It's a little scary because of the power a couple headlines sprinkled here and there have when they're seen be a lot of people. Something that was nothing becomes a scandal, lies become truths in the public consciousness and can't be fixed (look at the antivax movement). Of course, they also have the power to do great justice as well.
I guess, my point after all this text is still that what you've built isn't minor, there will be and probably have been real world impacts from it. Those impacts stem from public trust in FB's editorial position. If the public doesn't trust FB to show unbiased stories, they interpret the state of the world vastly differently than if they trust FB. This is why I think it's reasonable to have questions, even if they may be somewhat pointed at times.
That said, I really appreciate the fact that you took the time to respond to this thread. Talking to the people directly involved is a great way to disabuse one of falsehoods. :)
EDIT:
For an example of a reason why people are interested in this capability, imagine a rouge FB employee were to push the following headline to everyone: "US Nuclear Arsenal Almost Fired at Russian City"
The world would see this post made by one person, and the fact that it was pulled nearly immediately would be seen as evidence by some of a cover up and could add tension and possibly instigate an international incident. Until this generation died, you would have people all over the world that would believe that the US nearly nuked a Russian city without provocation.
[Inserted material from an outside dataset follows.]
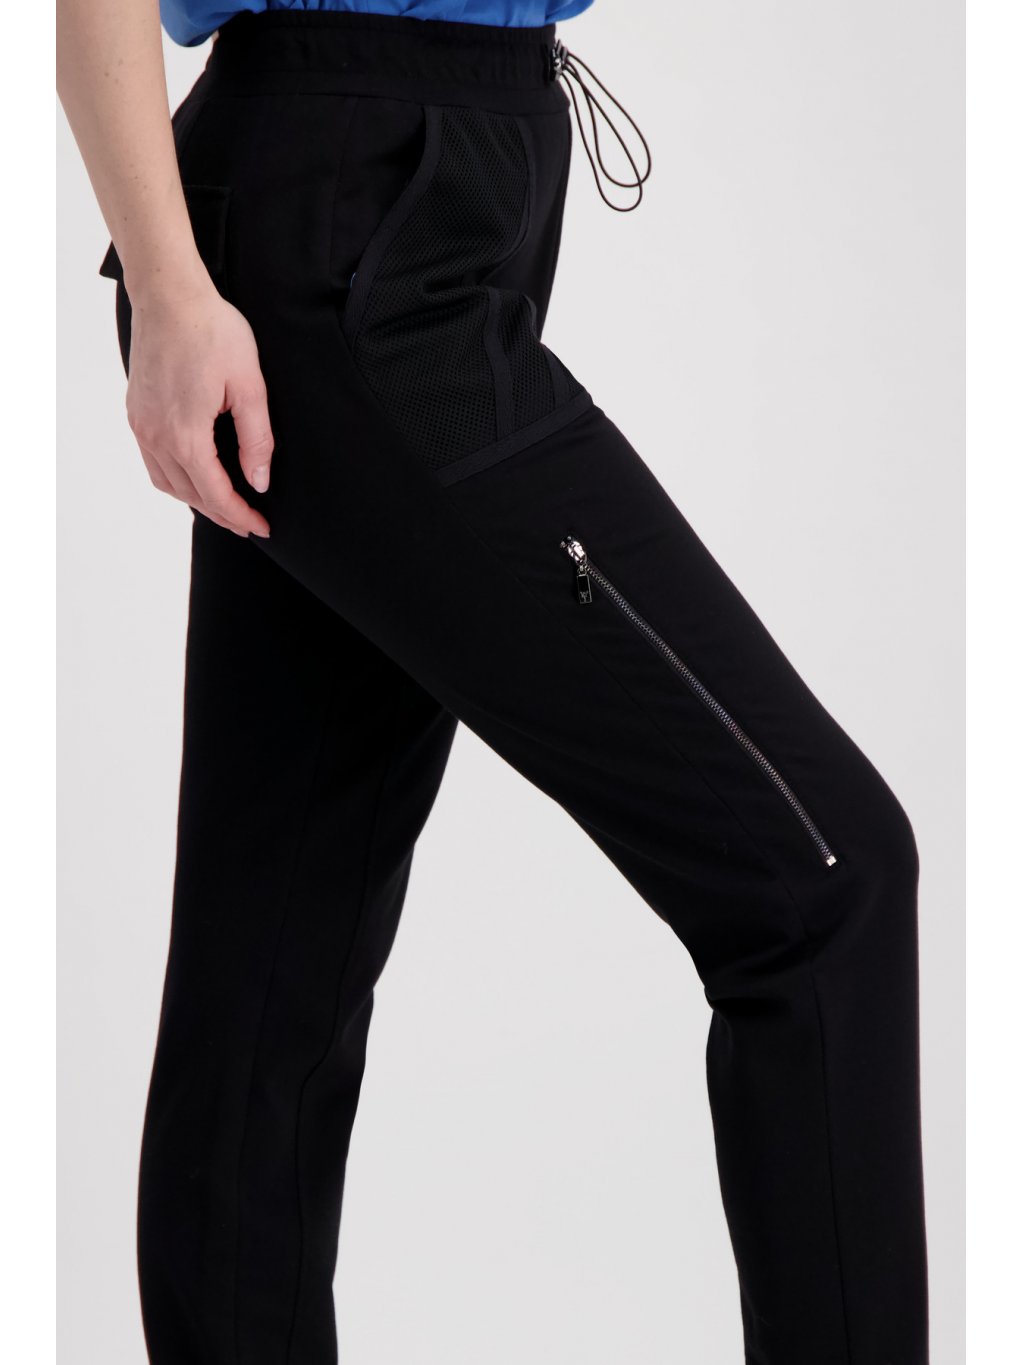 Kalhoty Monari 7030 černé se síťovanou kapsou

We can argue about whether there's an ethical problem, but the assertion that there's any sort of legal problem seems completely arbitrary and partisan IMO.
> Editorial control and algorithmic control are two different things.
It's also a meaningless distinction.
The point of contention is the bias, not whether the bias is imposed by an algorithm or by a human. People would still be complaining if Facebook had tweaked its algorithm to achieve identical outputs instead of employing humans to do it manually.
The truth seems to be somewhere in-between -- it was algorithmically generated and then the output was human-modified.
In general, I think the response to this post demonstrates the prevalence of magical thinking about computers, even by people who ought to know better. Bias is bias regardless of whether it's explicitly programmed behavior, emergent behavior from a carefully trained neural net, or enforced in human processes post-hoc. Distinguishing between these on the basis of where the behavior came from -- rather than whether or not there's a bias -- misses the point.
> I don't see any assertion that there's a legal problem in the parent.
The point of my post wasn't to contradict the parent post. There certainly are people who do claim it's a legal problem.
It isn't meaningless in this case at all. "Trending" suggests that it reflects, so some level, popular opinion about what people are discussing. If the items aren't trending, but are hand curated, then you've essentially lied.
>Facebook says: "The list of Trending Topics is then personalized for each user via an algorithm that relies on a number of factors
In other words, they are lying. 'Trending' should be calculated directly as topics of highest interest over all users. If it's not it's a manipulated figure.
Whether a story trends isn't contingent on it being placed on the front page of major news sites. Most people don't get their news that way. A story is more likely to trend because someone notable talked about it or linked to it.
Are you saying news about Iran's military actions is not important to the US and its allies?
Perhaps users on FB find it more interesting and they surface it. Why does news on FB have to mimic the mainstream media?
Many times we have to read the stories about the US as reported from other countries because the MSM misses them or decides they aren't important enough.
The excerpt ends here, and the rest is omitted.